Issue Date: May 2, 2011
Amgen gathered analysts and investors in New York City late last month to provide, for the first time since 2008, a comprehensive review of its business strategy through 2015. The biggest of the biotechs tried to reassure Wall Street that it intends to get a high return on its research investment. It outlined efforts to quickly grow sales of its newest drug, denosumab, expand in emerging markets, and allocate capital wisely.
Investors were happy to hear that Amgen would be doling out a dividend next quarter—the first biotech company ever to do so—but they were skeptical that it can deliver on its sales projections for denosumab and frustrated by the choices Amgen makes in its R&D spending.
When Amgen last provided a detailed long-term plan to investors, the nation was mired in the financial crisis. “We’ve come a long way in those few years as an economy,” said Chief Executive Officer Kevin W. Sharer. “Lots of questions obviously remain, but we’re not staring into the precipice anymore.”
Amgen was facing its own crisis at the time, having in 2007 experienced a sudden drop in sales of Aranesp and Epogen, proteins used to treat anemia in people with cancer or undergoing kidney dialysis. Regulators were concerned that high doses of the drugs could cause serious side effects.
Although Amgen did address the outlook for Aranesp and Epogen, which continue to face challenges, much of this meeting was devoted to denosumab. The monoclonal antibody neutralizes the RANK ligand, a switch that is key to the formation, activity, and survival of osteoclasts, the cells responsible for breaking down bone. Last June, the Food & Drug Administration approved denosumab to be sold as Prolia for postmenopausal osteoporosis. In November, the agency gave the green light to market the molecule as Xgeva to prevent fractures caused by metastases of solid tumors.

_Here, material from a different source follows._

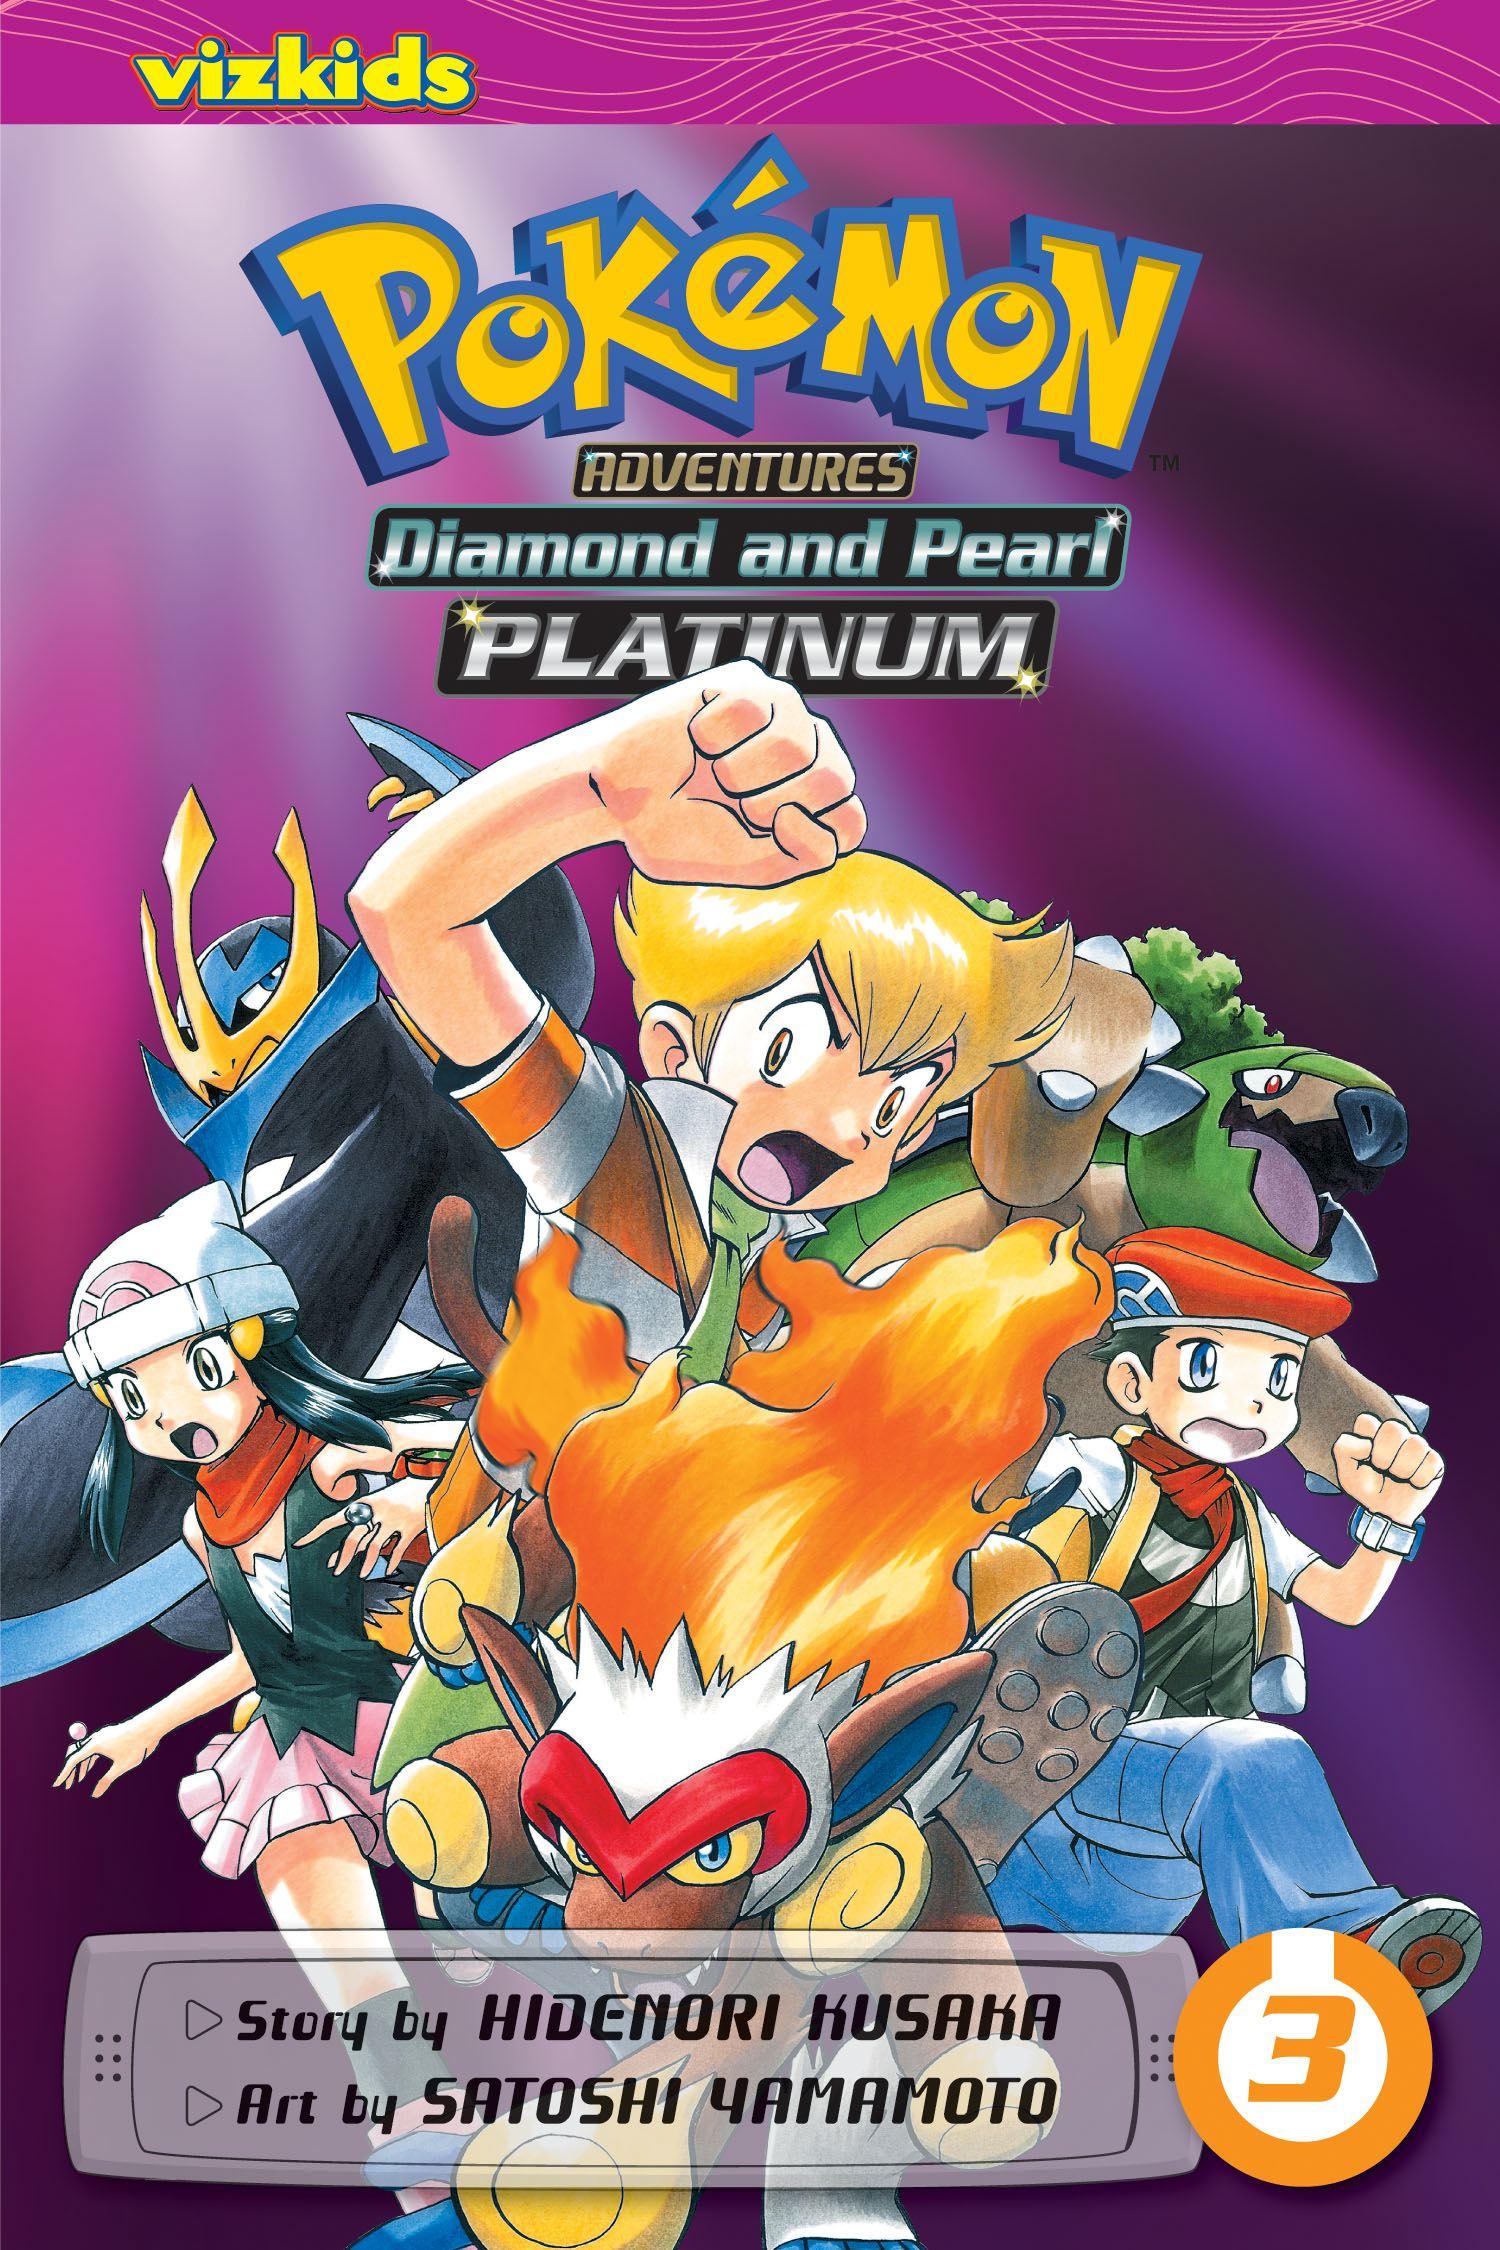 pok233mon adventures diamond and pearlplatinum vol 3

Combined sales of Prolia and Xgeva in the first quarter of 2011 were $69 million, but at the meeting Amgen spent a lot of time discussing its plans to quickly grow the franchise. The “focus on Prolia and Xgeva at every level could not be more intense,” Sharer said.
Amgen believes the two drugs will bring in $3 billion to $4 billion in revenues in 2015, a forecast that hinges on gaining approval for Xgeva in new indications and quickly launching both drugs around the globe. For example, Amgen expects to ask FDA this quarter for approval to use Xgeva to prevent the spread of prostate cancer to bones.

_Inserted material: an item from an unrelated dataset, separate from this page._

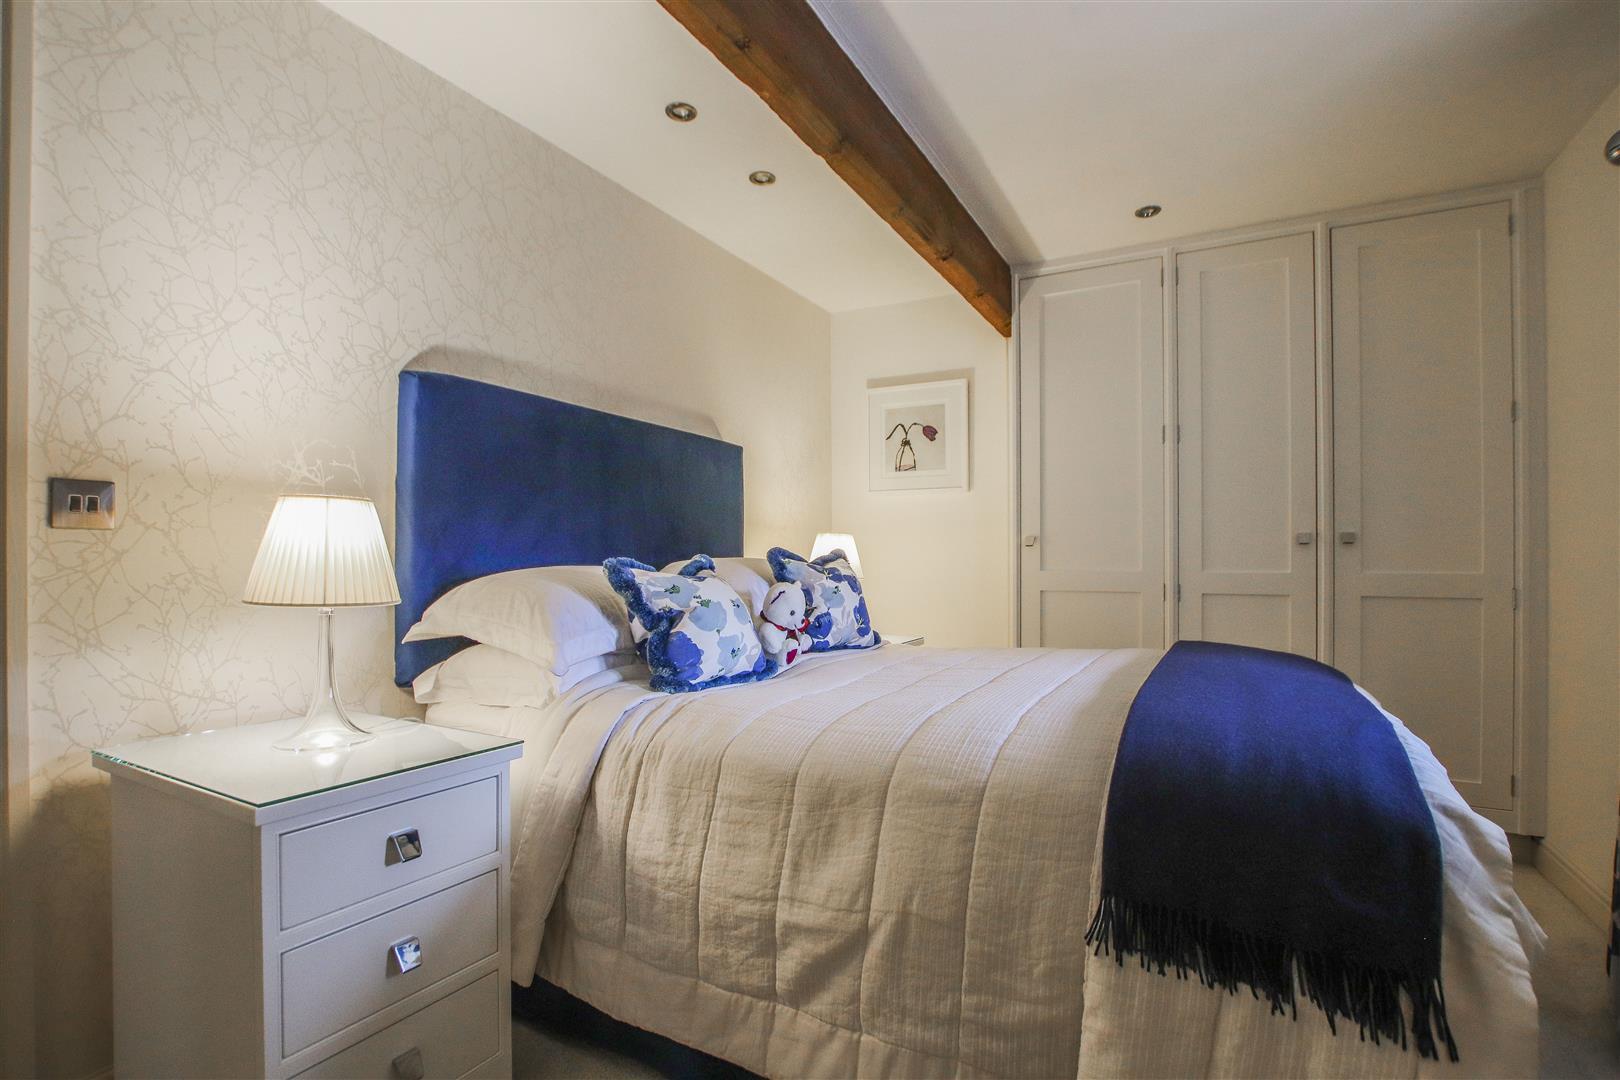 5 Bedroom Semi-detached House For Sale - 56.JPG

Use of Prolia has not picked up as quickly as expected, and Wall Street is skeptical that Amgen can deliver the rapid sales growth it is promising. Amgen has “a more bullish view of Prolia/Xgeva than the Street is willing to accept,” J. P. Morgan stock analyst Geoffrey C. Meacham wrote in a note to investors.
In a discussion of his attitude toward mergers and acquisitions, Sharer suggested he differs from many of his big pharma counterparts, who have sought acquisitions both for growth and the ability to cut costs. “We’re not interested in acquisitions that give us an opportunity for rationalization, just to take cost out,” Sharer said. “I don’t think that works.”
Amgen executives pointed to the company’s recent purchases of BioVex and Bergamo as the types of deals they will likely pursue. The BioVex purchase added a late-stage cancer immunotherapy, and Brazilian generics firm Bergamo represented more expansion into emerging markets. Amgen’s sales in emerging markets have increased from $60 million in 2005 to $350 million last year. By 2015, the company expects to bring in roughly $1 billion from emerging markets.
Another area where Amgen draws a line between itself and its peers is its commitment to R&D. Although many competitors have made significant cuts to their research budgets, Sharer said the company will continue to invest 18 to 20% of sales in R&D. “This is not an activity where you cost cut your way to success,” he said.
Investors, meanwhile, had been hoping to see Amgen focus on cost efficiency in its R&D operations and potentially drop some of its less promising discovery programs.
Prior to the meeting, Leerink Swann analyst Joshua Schimmer had conducted an in-depth analysis of Amgen’s new drug pipeline and identified compounds that he views as too similar to other drugs in development or too risky. “While we were not disappointed that high R&D spend continues, we were disappointed that there was not a clearer message that more low-value pipeline products we previously identified would be culled and replaced with higher-quality in-licensed and acquired late-stage programs,” he wrote to investors.
Amgen, however, underscored its success in R&D compared with its competitors and said it is committed to partnering and to making tough decisions about its pipeline. To be successful, Sharer said, Amgen needs to “stop projects when they won’t work, have a risk appetite, … and go outside the company nearly as often as you go inside.”